Teddy nickte leicht, küsste sie auf ihren Hals und antworte ebenfalls geflüstert: „Ich gebe Dir zu einhundert Prozent recht, mir schmeckt das auch überhaupt nicht. Das letzte Mal, als ich mich von Paddy zu so etwas überreden ließ, endete es im Desaster!
Das hätte ich gerne gesehen“, kicherte Tessa frech und quietschte leicht auf, als Teddy ihr strafend, aber trotzdem zart, in den Hals biss.
Er begann sofort, ein wenig zu saugen und verfolgte engagiert seinen diabolischen Plan, Tessas Frechheit mit einem kleinen Knutschfleck zu bestrafen. Sie strich ihm durch die Haare und genoss sichtlich ihre „Bestrafung“. Es endete, wie es endeten musste und die Beiden gaben sich einem intensiven Kuss hin, der sie total von den Planungen um sie herum ablenkte.

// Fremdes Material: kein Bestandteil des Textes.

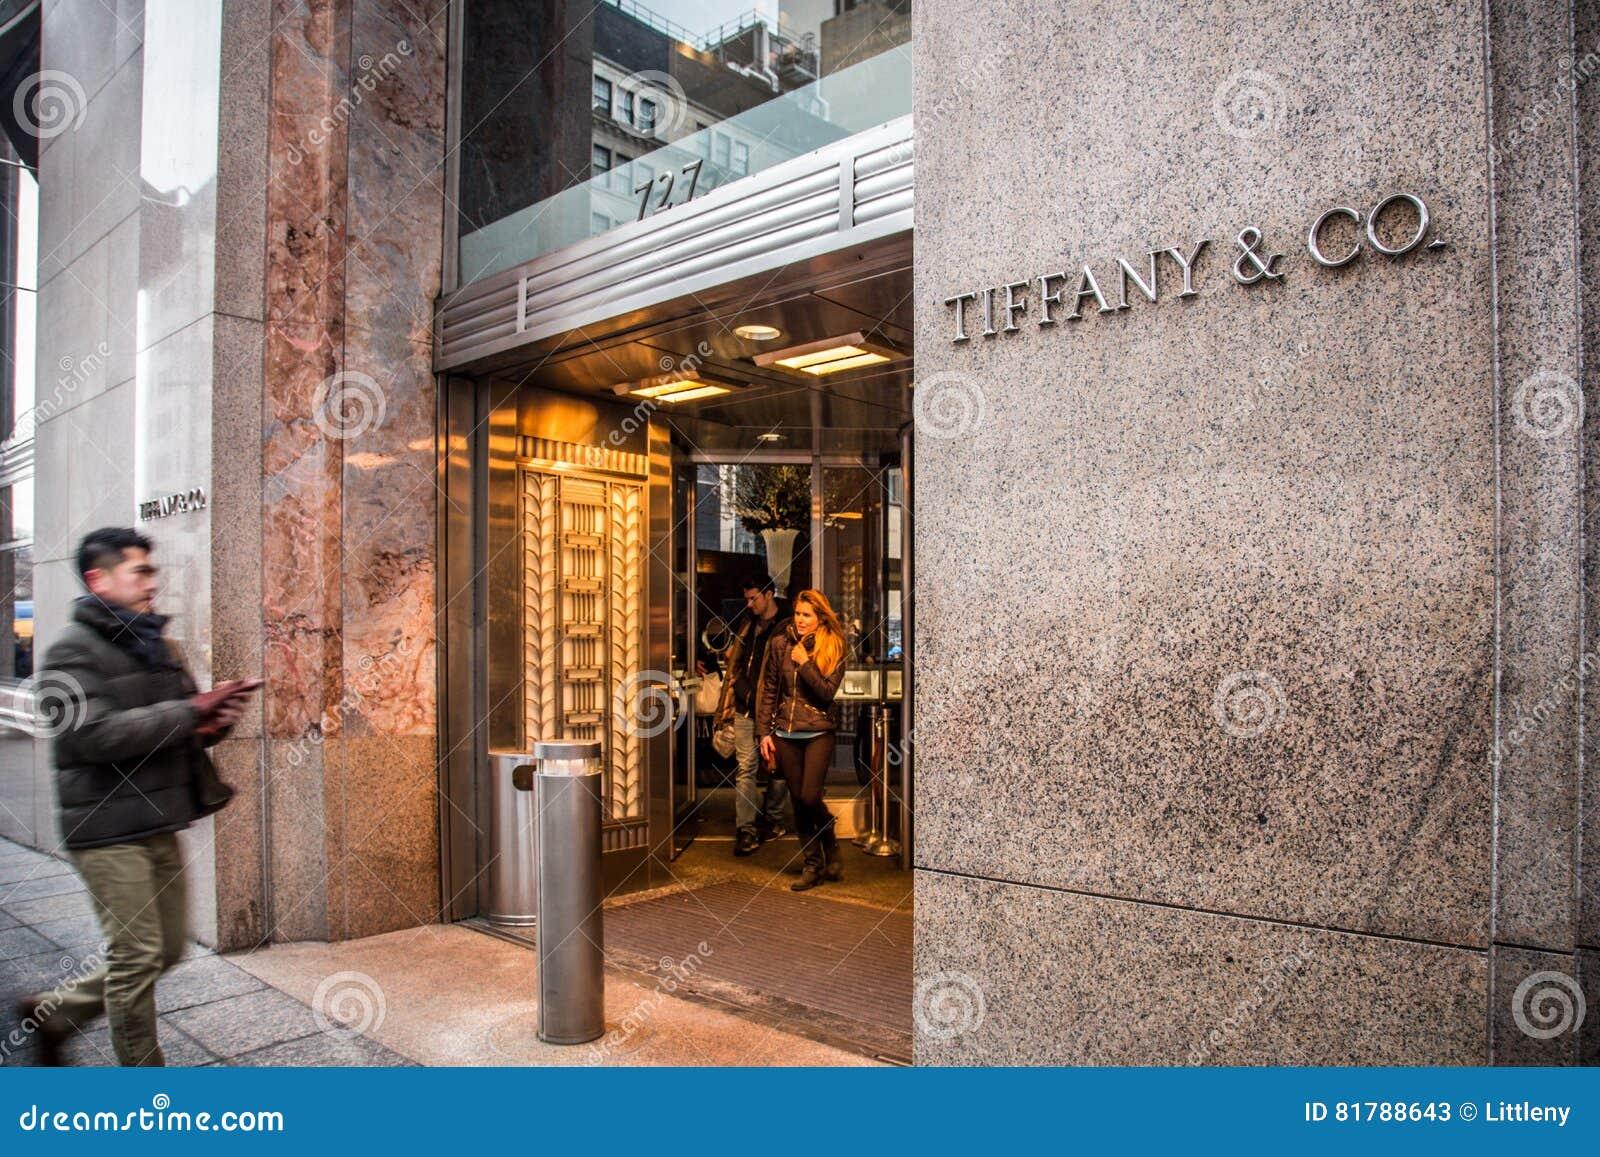 b88f6a4abd13c Tiffany & Co. NYC editorial stock photo. Image of luxury - 81788643

Erst als Teddy sanft den Kuss löste, bemerkte er die unheilvolle Stille, die plötzlich über dem Raum lag.
Er blickte auf und sah, dass sich sämtliche Augen in die Richtung der Stiege gerichtet hatten und als er seinen Kopf drehte, um zu erfassen, was die allgemeine Aufmerksamkeit dort fesselte, sah er zu seinem Erstaunen, dass sich hinter Sunny Marc-André befand. Teddy war sehr erstaunt über diesen „Überraschungsgast“, denn diesen Chaoten hätte er hier zuletzt erwartet.
Sunny erwähnte das Offensichtliche, als er laut verkündete: “Freunde, wir haben einen Überraschungsgast, der uns seine Aufwartung machen will.
Hallo meine Lieben,…“. begann Marc-André und Teddy runzelte die Stirn, während er aus den Augenwinkeln betrachte, wie Alise und Tessa fast gleichzeitig genervt ihre Augen verdrehten.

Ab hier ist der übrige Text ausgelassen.